One of many Krusteaz, M & S built Four Star AIRCYCLE!


----------



## John G04 (Feb 18, 2020)

Well I guess i’m stuck with this one for awhile. When on a short ride to the selling spot, guy ended up not wanting to pay more than $200 for it so I rode it back home! Turns out it’s a great rider and I don’t have to worry about scratching the paint


----------



## fordmike65 (Feb 18, 2020)

John G04 said:


> Well I guess i’m stuck with this one for awhile. When on a short ride to the selling spot, guy ended up not wanting to pay more than $200 for it so I rode it back home! Turns out it’s a great rider and I don’t have to worry about scratching the paintView attachment 1142050
> View attachment 1142051
> 
> View attachment 1142052



That has a great look to it. I bet it'll sell once the weather warms up!


----------



## TheWindrider (Feb 18, 2020)

I prefer to clean the grease, mud and dust from the frame, mostly. A blend of clean and patina. If there is a rusty frame, it’s beyond help, just leave it.

before:



After:


----------



## TheWindrider (Feb 18, 2020)

John G04 said:


> Well I guess i’m stuck with this one for awhile. When on a short ride to the selling spot, guy ended up not wanting to pay more than $200 for it so I rode it back home! Turns out it’s a great rider and I don’t have to worry about scratching the paintView attachment 1142050
> View attachment 1142051
> 
> View attachment 1142052



To each his own.

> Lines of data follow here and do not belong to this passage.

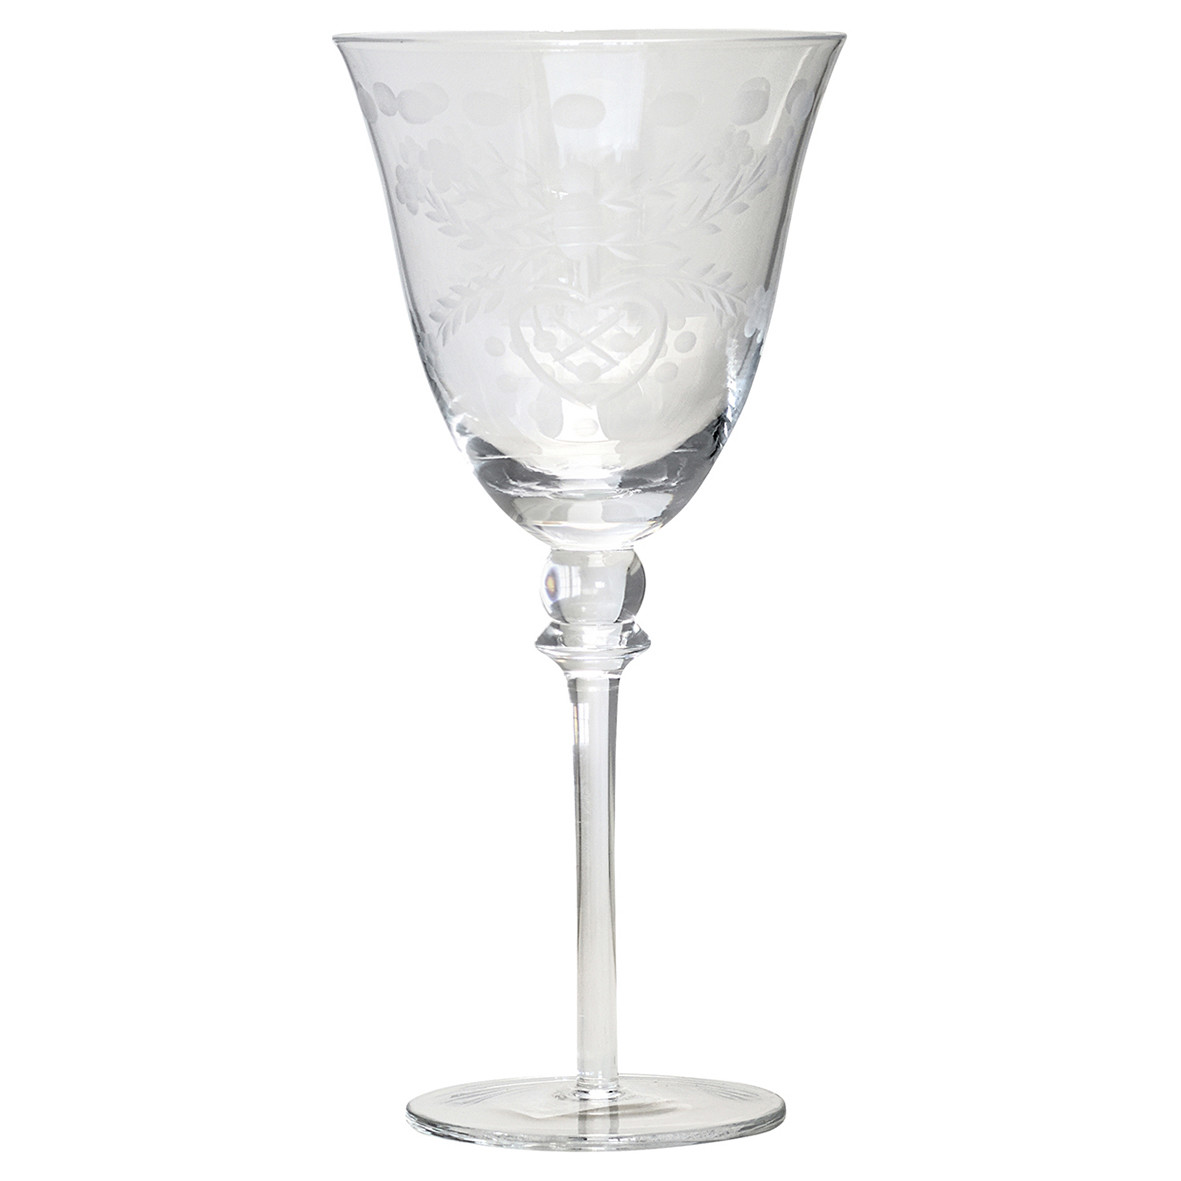 Weinglas - Greengate H 22cm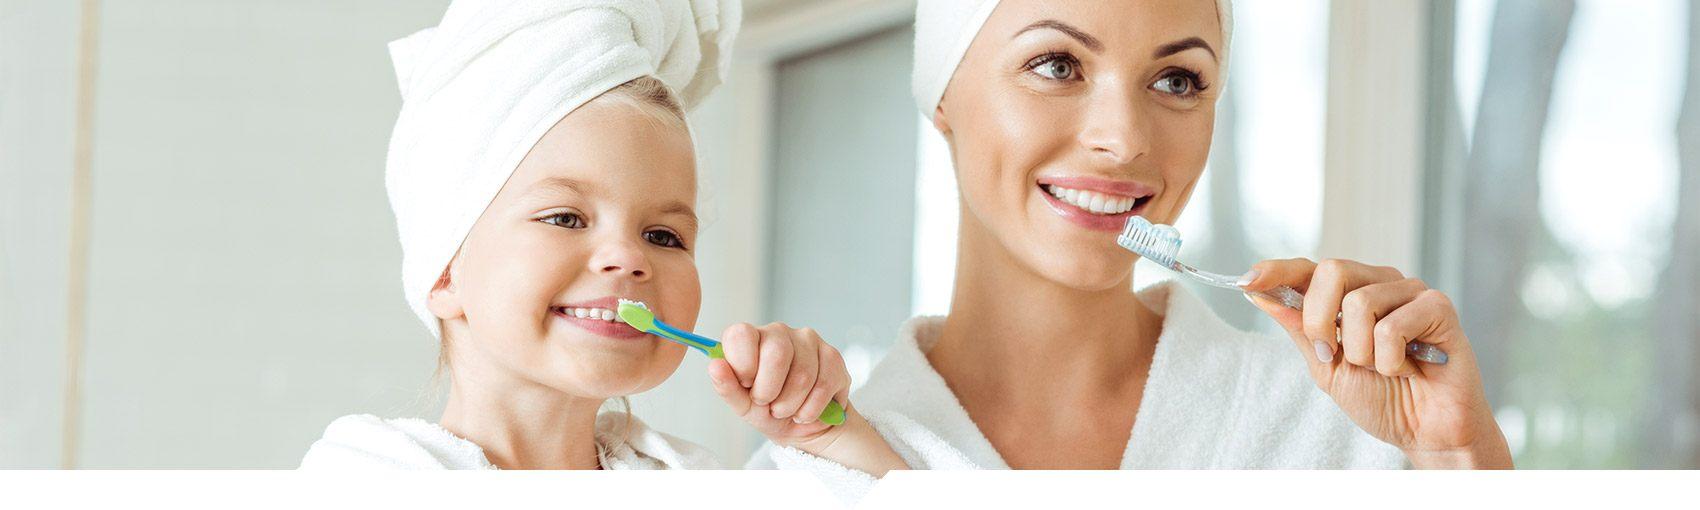 Oral Hygiene, CA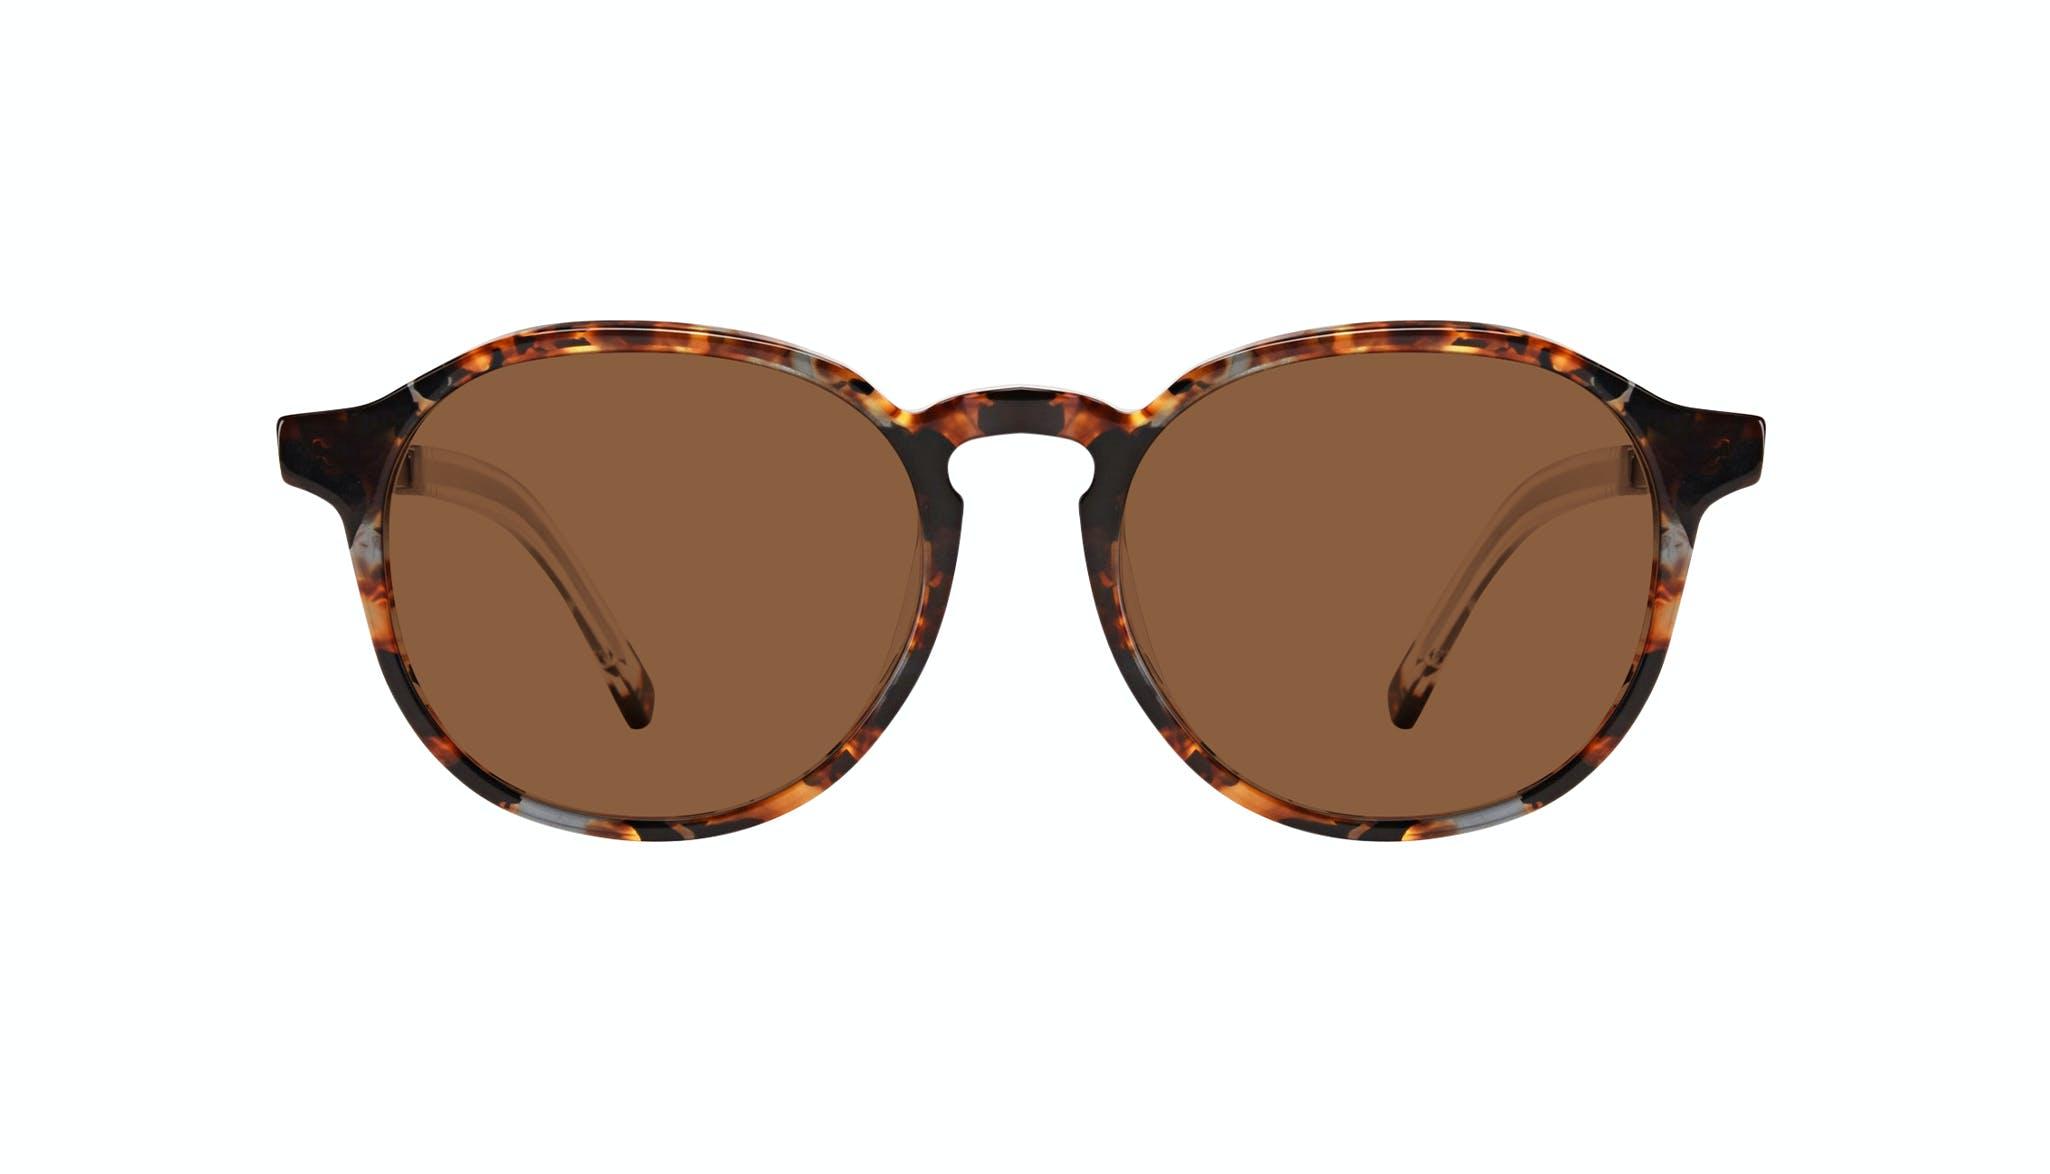 Affordable Fashion Glasses Round Sunglasses Men Prime XL Mahogany Front

I would have paid 200.00 or a bit more and rode it home with a grin. Guy must have been a flipper.


----------



## tripple3 (Feb 19, 2020)

John G04 said:


> I rode it back home! Turns out it’s a great rider and I don’t have to worry about scratching the paint



That is a great bike; Fast back Hawthorne, in original paint.
Here that bike would sell anytime of the year for $400 at our monthly cycle swap; on CL it would be listed for $500:eek:
I think you should keep it and ride it more.
Here's a $200 bike


----------



## cyclonecoaster.com (Feb 19, 2020)

*Ridden not Hidden ... Grease & go ...



*


----------



## piercer_99 (Feb 19, 2020)

Krusty.




to be fair, I did clean it up a bit.


----------



## Kickstand3 (Feb 19, 2020)

Iver


----------



## mrg (Feb 19, 2020)

I guess a lot of my bikes are crusty so I guess I’ll go by brands, another M & S, Western Tire- Silver Shield- Golden Zephyr! 












l


----------



## eddie_bravo (Feb 19, 2020)

I only buy Rusty bikes
Just seems to add character 
I have few nice og painted bikes. 




Sent from my iPhone using Tapatalk


----------



## Rivnut (Feb 20, 2020)

I've not been able to find a "rusty crusty." Everthing I find seems to have a coat of old house paint on it. 
I've been wondering lately how much of the old house paint that is on these bikes is a lead pasted paint?


----------



## cyclonecoaster.com (Feb 20, 2020)

cyclonecoaster.com said:


> _*To each their own ... I prefer original bicycles .. surface rust doesn't hurt the value ... it shows the history & I think if the bicycle could tell us it's life's story ... I don't need a clean slate ... embrace what you have ... just a full service on a vintage beauty is all that's needed in what I like to find ..  there is always hidden potential ...you never know what's beneath a restoration ... in any hobby or *collectible* ... many times the cost outweighs the value .. below is one that was brought back with OA bath & some time & patience ... Perfect *_
> 
> * Riding almost every weekend I run into a lot of people who share great stories on what they had .. what they have currently .. great fun & much respect for original riders out there ... Ridden not Hidden .. Frank *
> 
> ...




*It was to late to add what was done here in my original post ... BUT I should mention that this bicycle has been brought back to life with ALL of the original pieces to the bicycle .. with exception to the addition of the deluxe Schwinn chainring & matching rear regular pitch cog - the front drum brake that I laced into the original wheel using the original spokes & nipples & added the correct lever .. all the bright work was OA bathed & original to this bike as pictured above 

About 60 hours in this one to bring her back which included the following 
(1) I rolled the fenders with the braces on
(2) I straightened the rear rack 
(3) I replaced all the bearings - headset - bottom bracket - wheelset & pedals with NOS ones
(4) I added John US Royals with new Continental tubes
(5) I added the coke bottle grips since the grips on the bike weren't even grips - they were 4 pieces of rubber garden hose repair pieces 
(6) I added the long spring saddle
(7) I added the deluxe Schwinn Chainring & rear cog along with a NOS Diamond Chain
(7) I DID NOT OA BATH the painted parts - just a simple polish to the paint back to bring it back since it was lightly oxidized 

... Now this bicycle is a real looker & she rides like new ... why restore ??? - only original once 

Ridden not Hidden .. Frank *


----------



## fordmike65 (Feb 20, 2020)

eddie_bravo said:


> I only buy Rusty bikes
> Just seems to add character
> I have few nice og painted bikes. View attachment 1142818
> 
> ...



Love those DEEP McCauley fenders


----------



## Rivnut (Feb 20, 2020)

I need to add that I have found "rusty crusty" bikes before but they're usually so incomplete they're not worth anything.


----------



## MarkKBike (Feb 20, 2020)

Sometimes its just the right thing to do.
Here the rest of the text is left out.